La unión conyugal une todo en un acuerdo íntimo; las
almas más estrechamente que los cuerpos.
El matrimonio contraído por dos almas que se dan una a la otra
teniendo como perspectiva la eventualidad de una separación,
es un mentís insolente dado a las más nobles aspiraciones
que el corazón humano aporta en este acto solemne; es la contradicción
llevada a lo más íntimo de dos corazones que se unen.
Decir contradicción no es bastante; los pretendidos derechos
del corazón a no ser irrevocablemente encadenado, no es otra
cosa y no se pueden llamar de otra manera que cobardes necesidades
del egoísmo.
Admitir en el contrato matrimonial que se pueda quebrar el vínculo,
no es sólo contrario a la naturaleza de la sociedad conyugal,
contrario a la naturaleza humana, sino también y sobre todo,
contrario al fin mismo del matrimonio, de la sociedad humana.
¿Qué sucederá, en efecto, con los hijos, esos
seres divididos, más tristes que los huérfanos, que
sacan del afecto por su madre el odio para con su padre, y que aprenden
de su padre a maldecir a su madre? ¿Puede concebirse un contrato
de matrimonio que admita la perspectiva de una semejante disociación
de la familia y que haga pesar sobre los hijos la amenaza de una existencia
herida para siempre en sus más profundos afectos?

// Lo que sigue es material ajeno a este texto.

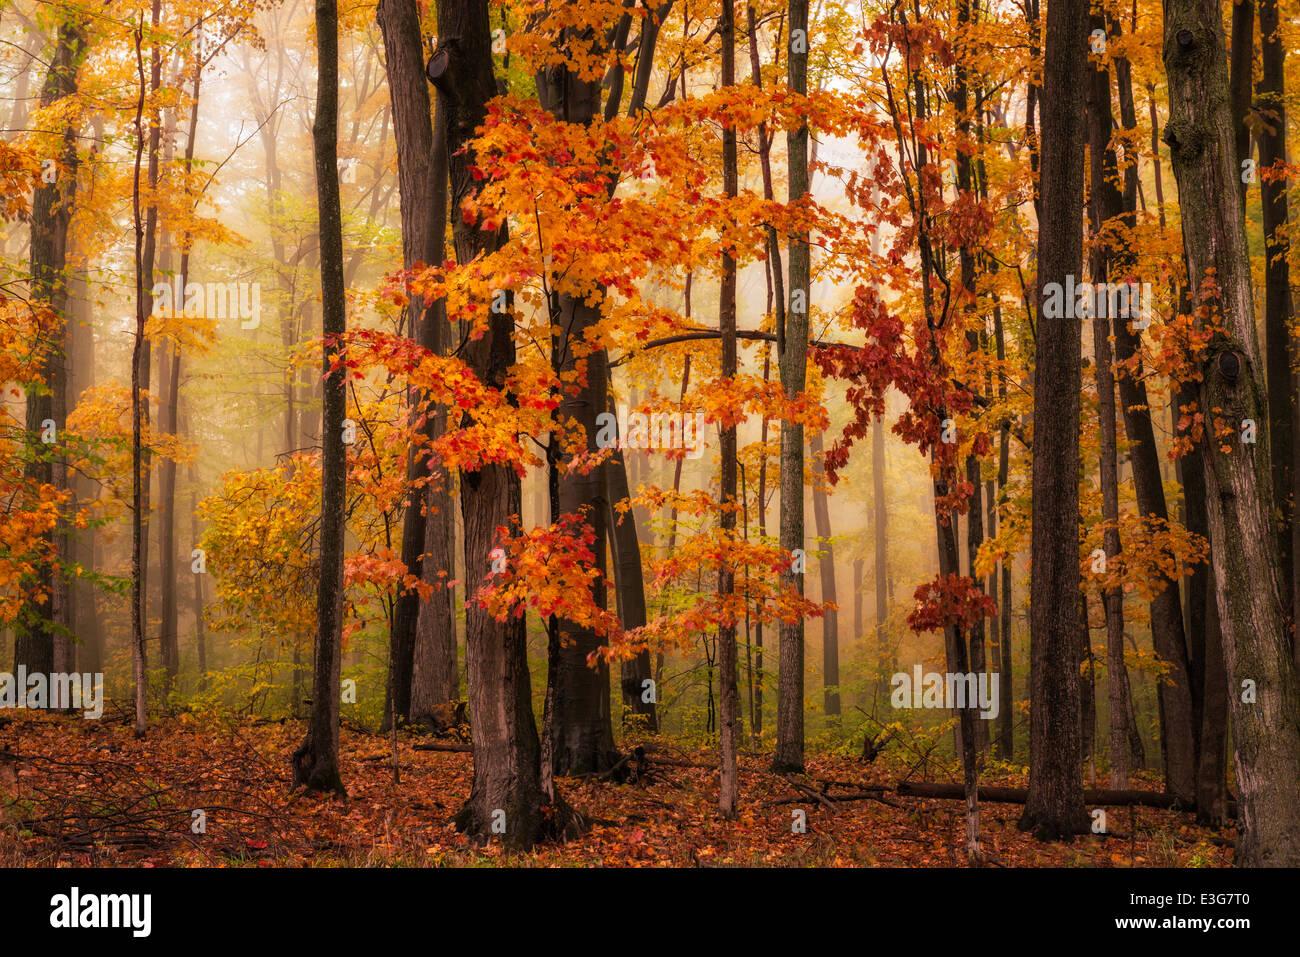 Un automne brumeux en bois bois du nord du Michigan, USA Photo Stock

La unión querida, consentida, de dos seres humanos dotados
de inteligencia y de voluntad para un fin como el matrimonio, que
consiste en un don mutuo con el deseo de constituir una familia, no
puede ser provisorio.
Iluminados sobre la gravedad del contrato matrimonial por las luces
de la razón, ¿cómo extrañarse que Nuestro
Señor haya hecho de ese mismo consentimiento un signo sagrado,
fuente abundante de gracias, un verdadero sacramento, cuyos ministros
son los mismos cónyuges?
Por su gracia, por su virtud todopoderosa, Nuestro Señor da
a ese acto solemne la nobleza, la elevación que tuvo al origen.
Cuando Nuestro Señor dio su verdadera perfección al
matrimonio, cuando le confió una gracia particular, renovó
el fundamento de la sociedad. De corrupta, de disuelta que era, la
elevó y la purificó.
«Lo que Dios ha unido—proclama Nuestro Señor—no
lo separe el hombre». «Todo hombre que repudia a su mujer
y se casa con otra, comete adulterio; y el que se casa con una repudiada,
comete adulterio». Estas palabras no dejan ninguna duda sobre
la estabilidad necesaria del matrimonio.
La Santa Iglesia siempre ha sido fiel a estas afirmaciones de Nuestro
Señor, y su fe nunca ha cambiado, incluso al precio de los
cismas más graves.
El Concilio de Trento afirma: «Si alguno dijese que, por causa
de herejía o por cohabitación molesta o por culpable
ausencia del cónyuge, el vínculo del matrimonio puede
disolverse, sea anatema».
Y todavía: «Si alguno dijese que la Iglesia yerra cuando
enseñó y cuando enseña que, conforme a la doctrina
evangélica y apostólica, no se puede desatar el vínculo
del matrimonio por razón del adulterio de uno de los cónyuges;
y que ninguno de los dos, ni siquiera el inocente, que no dio causa
para el adulterio, puede contraer nuevo matrimonio mientras viva el
otro cónyuge, y que adultera lo mismo el que después
de repudiar a la adúltera se casa con otra, como la que después
de repudiar al adúltero se casa con otro, sea anatema».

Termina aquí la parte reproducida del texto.